Julien Lopez
Julien Lopez

Reputation: 1854

Is there a way to specify the format of dates with fread?

Since 1.13, fread can automatically detect and read date types, which is really nice. I would like to detect dates if, and only if, they are in a specific format, but from what I have seen, fread only detects ISO-formatted dates with no option to change this.

> packageVersion('data.table')
[1] '1.14.0'    
> typeof(data.table::fread("date\n2020-10-10")[[1]])
[1] "integer"
> typeof(data.table::fread("date\n10-10-2020")[[1]])
[1] "character"
> typeof(data.table::fread("date\n10-10-2020", format = "%d-%m-%y")[[1]])
Error in data.table::fread("date\n10-10-2020", format = "%d-%m-%y") :
  argument inutilisé (format = "%d-%m-%y")

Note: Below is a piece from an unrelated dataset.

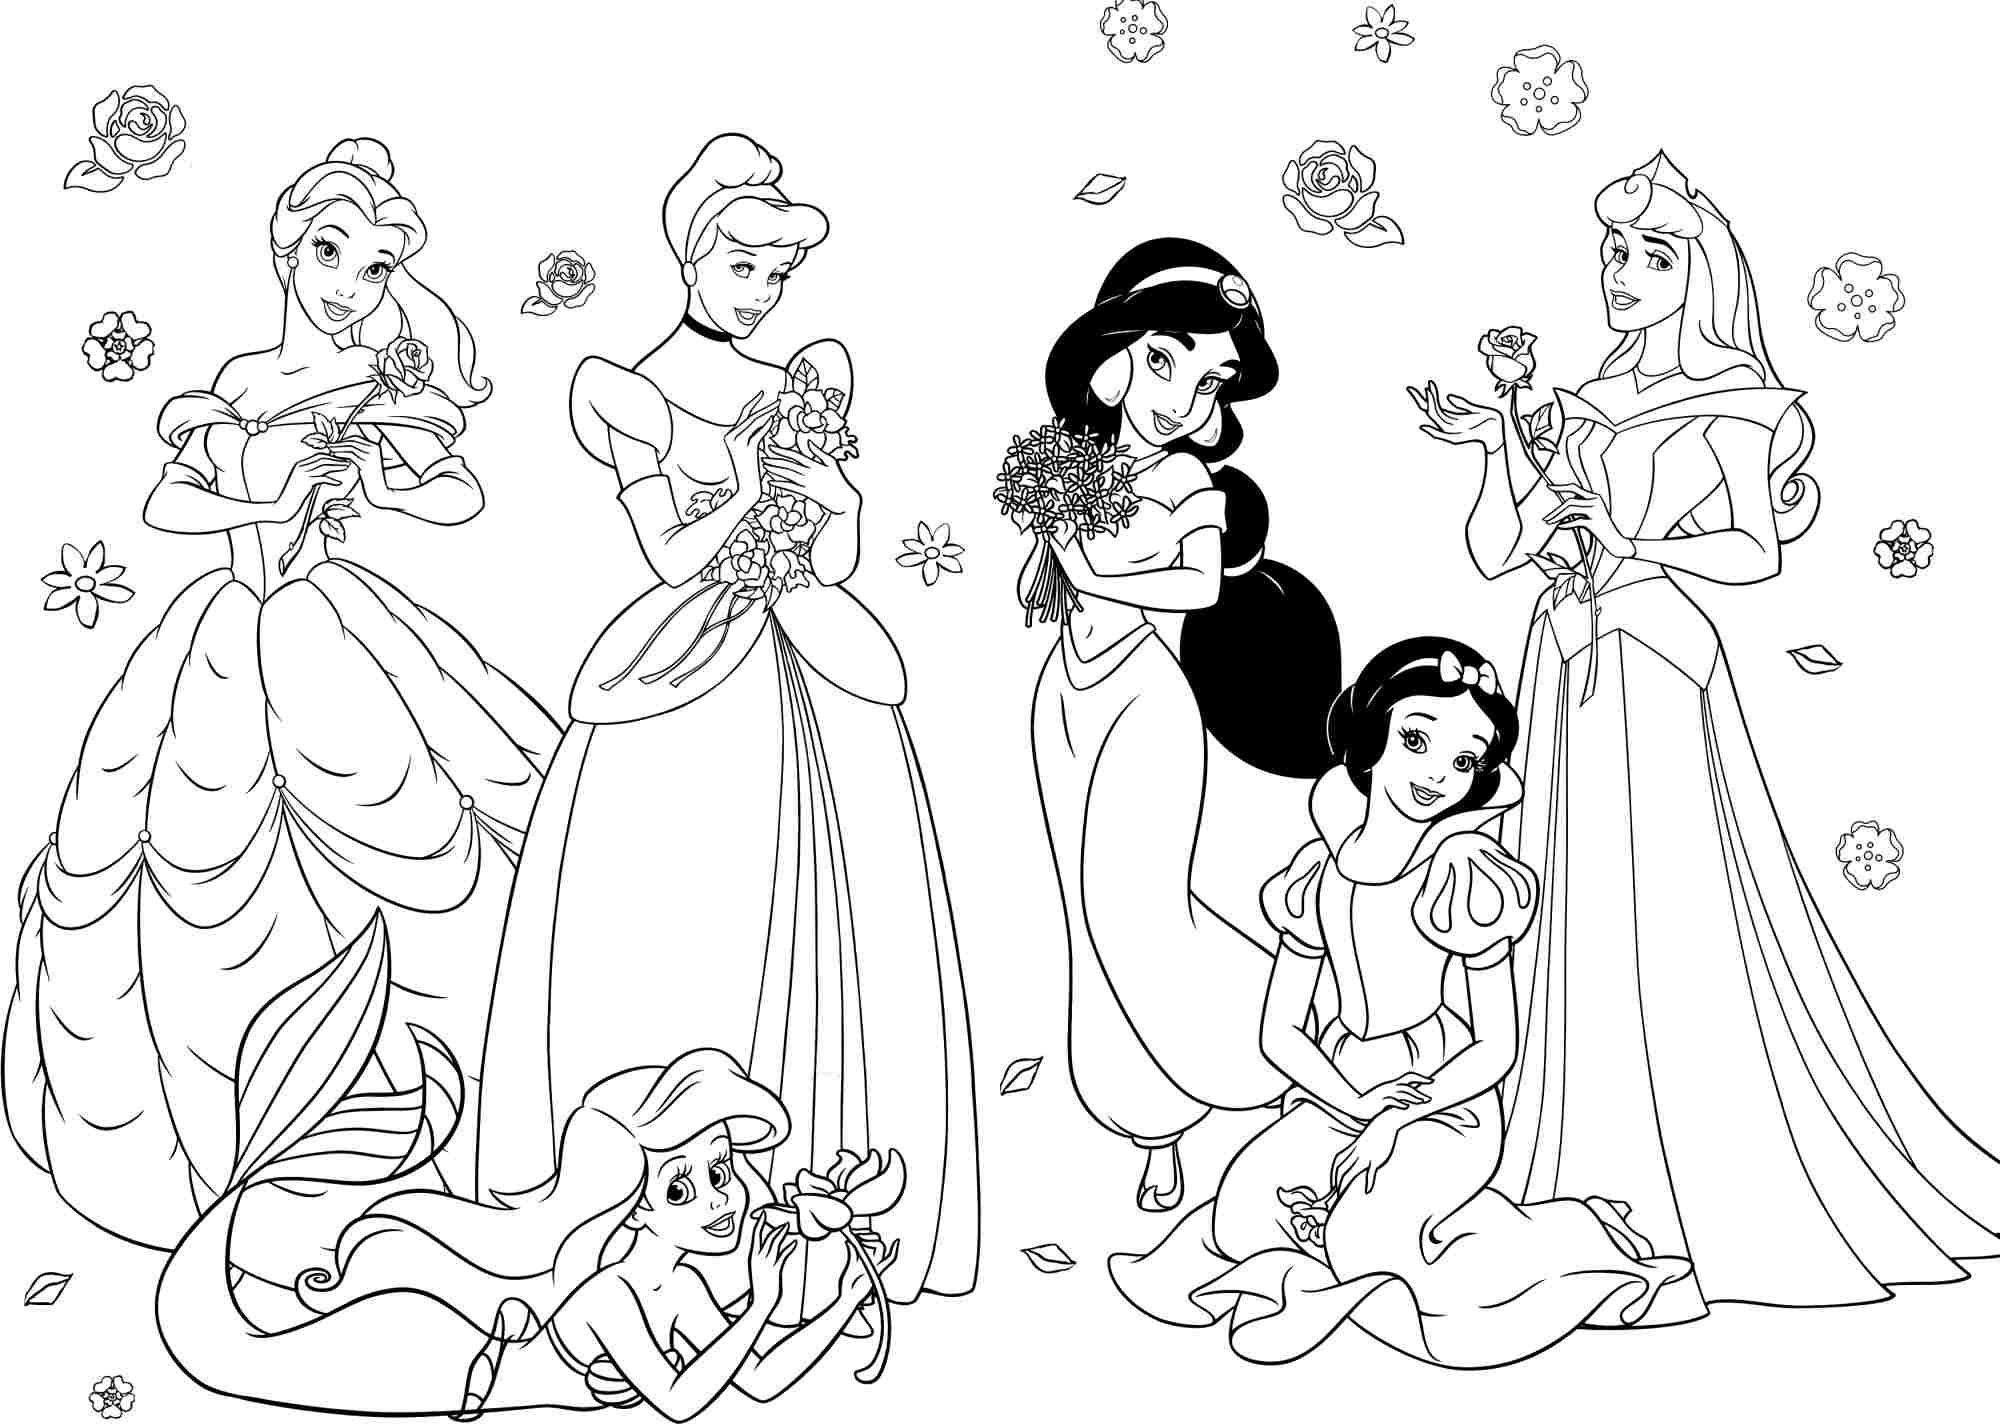 Disney Coloring Pages Princess disney coloring pages princess

Is there a way to change the format of dates detected by fread or is it going to happen in the future? If not, could the option datatable.old.fread.datetime.character be made permanent to prevent that detection when it isn't wanted?

Upvotes: 4

Views: 1060

Answers (1)

mpag
mpag

Reputation: 573

Adding as an answer, adapting from my own GitHub comment here:

If you create a custom class and pre-specify the list of possible datetime formats you expect, you can use fread to read these in directly into an IDate data type (or ITime or POSIXct) without having to do a post-conversion from character class. In the OP's use-case they can do the following:

Code

library('lubridate')
library('data.table')

### Set up options for data.table's fread, including an "invented" one for the new class we will define ###
# Alternate date formats HAVE to be set prior to the fread call.
# no dateFormat parameter is possible in the fread call itself.

options(datatable.fread.dateFormat=c("Ymd","dmY"))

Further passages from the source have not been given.